Nov 11th, 2015, 12:34 AM

PC Thought Police: Defending the "Offended"

By Sam Baird
The tears of a clown.
If we start putting protective walls around certain ideas or groups, sparing them ridicule, we could be on a very slippery slope to a sanitized and inert society.

When did the world lose its sense of humor? Every week I see more and more articles about the thought police trying to silence someone they disagree with or getting mad over a person for criticizing something they care about. The open debate of all ideas, especially the uncomfortable ones, is fundamental to a functioning public sphere, and the attempt by some to try to censor certain speech is in direct opposition to that.

Increasingly, people are getting oversensitive. This seems to be most evident on college campuses, where students, who just became politically active repeatedly have knee-jerk reactions to something said or done, going so far as quelling freedom of speech. This month at Cardiff University in the feminist activist Germaine Greer was scheduled to give a lecture called "Women & Power: The Lessons of the 20th Century". However, because of student protests of her and a fear for her safety, Greer has decided not to attend. The protests started over her comments about transgenders, specifically that transgender women are not actually women. She stated that “the insistence that man-made women be accepted as women is the institutional expression of the mistaken conviction that women are defective males.” While I don’t necessarily agree with her point of view, it’s absurd to silence her on a university campus, the one place where hotly contentious ideas and topics are meant to be discussed and debated.

Germaine Greer: Transgender women are 'not women' - Newsnight

Religion is another area that just can’t be ridiculed these days. Holocaust deniers, anti-vaxxers: these people hold ridiculous beliefs with nothing to back them up and their ideas are mocked all the time, but if that belief is in an invisible man in sky, you better bite your tongue. The late Christopher Hitchens (God bless him) spent the later years of his life consistently exposing the absurdities in religion, making a lot of people very uncomfortable and try to stop him from speaking. Bill Maher is another figure who consistently takes heat for his opinions on religion. He has been repeatedly labeled a bigot, but only when deriding Islam, even though he constantly talks about Christianity as well. It’s just another example of how insincere and capricious people are when deciding what topic they’re going to get upset about that month.

Real Time with Bill Maher: Ben Affleck, Sam Harris and Bill Maher Debate Radical Islam (HBO)

Comedy is by far the most ridiculous example of people getting upset.

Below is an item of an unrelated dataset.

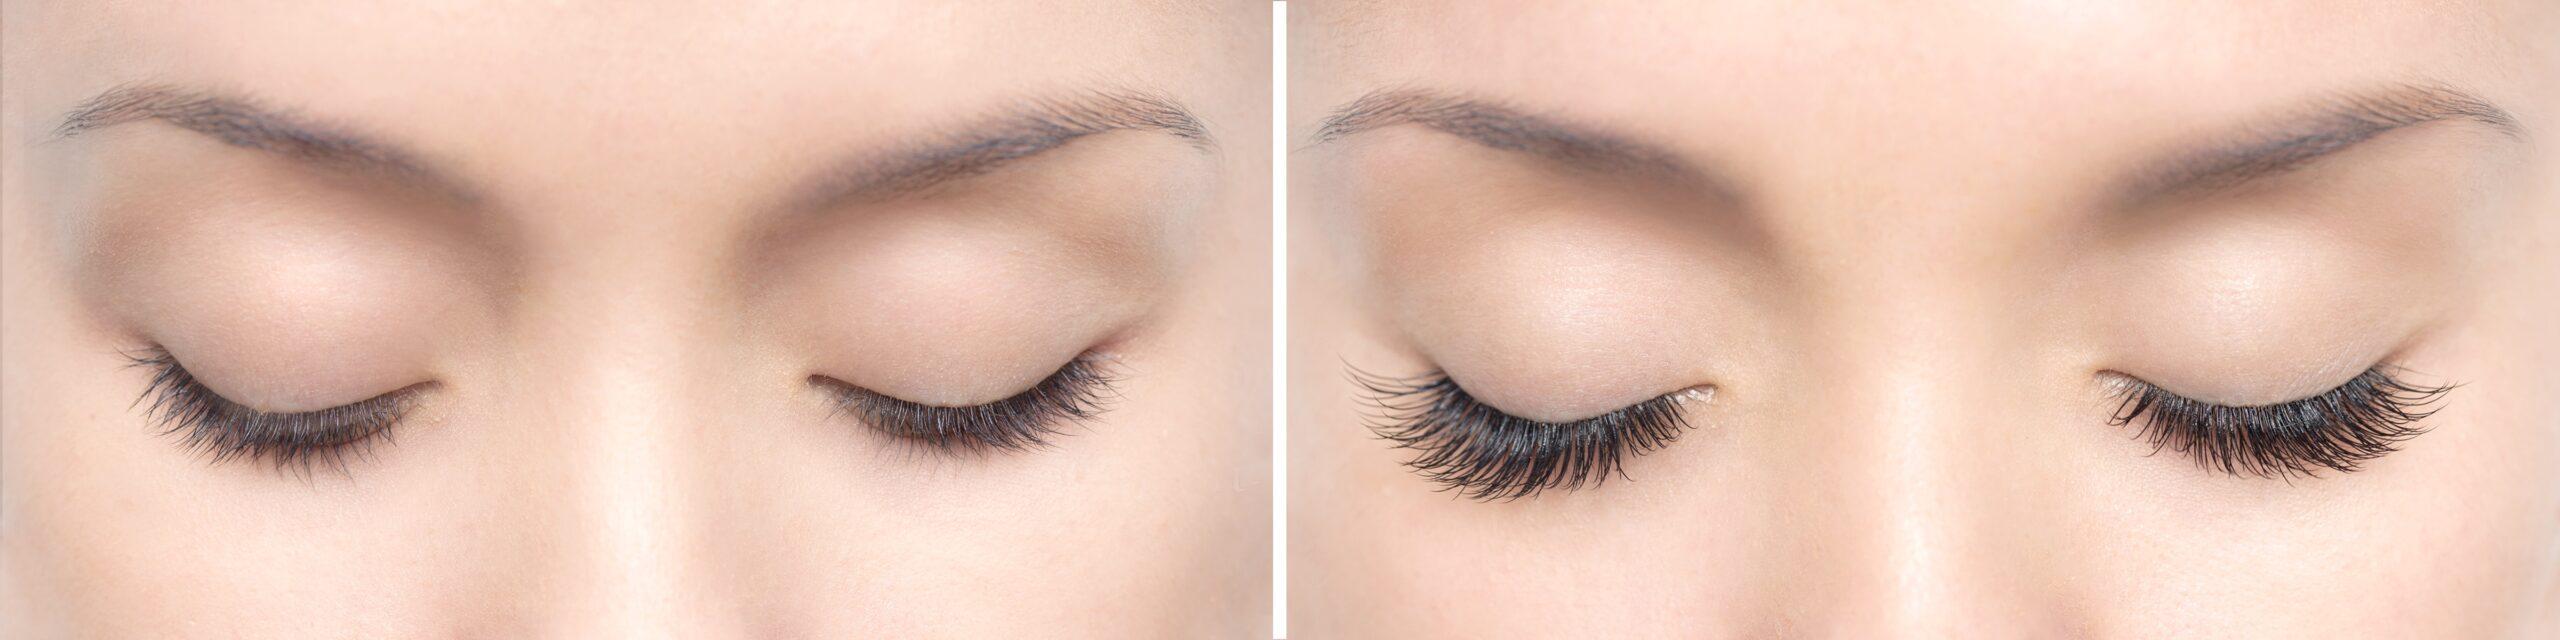 asian eyelash extensions

Whining over a joke told is the worst possible use of a person's time and energy. For many, there are particular areas or topics that can’t be joked about; that one thing that right now is sacred and cannot be offended. This is an insane and dangerous position to take. If we start putting protective walls around certain ideas or groups, sparing them any ridicule, we could be on a very slippery slope to a sanitized, inert society. Speaking of college campuses and how politically correct kids are getting, Jerry Seinfeld won’t even play them anymore. He says, “they just want to use these words: ‘That’s racist;’ ‘That’s sexist;’ ‘That’s prejudice.’ They don’t know what the hell they’re talking about.” The insanely dark comic, Anthony Jeselnik takes the offensive when it comes to this issue. His entire act consists of jokes about horrible things. In his recent Netflix comedy special Thoughts and Prayers (which I highly recommend), he illuminated his stance discussing how he makes jokes about tragedies the day they happen: “I don’t believe in too soon, I’m on a tight schedule.”

No topics are too sensitive and sacred cows can't exist if we want to be a society of grown ups. It's okay to be offended by something you don't agree with, but you should never use your being offended as a reason to silence or censor someone else.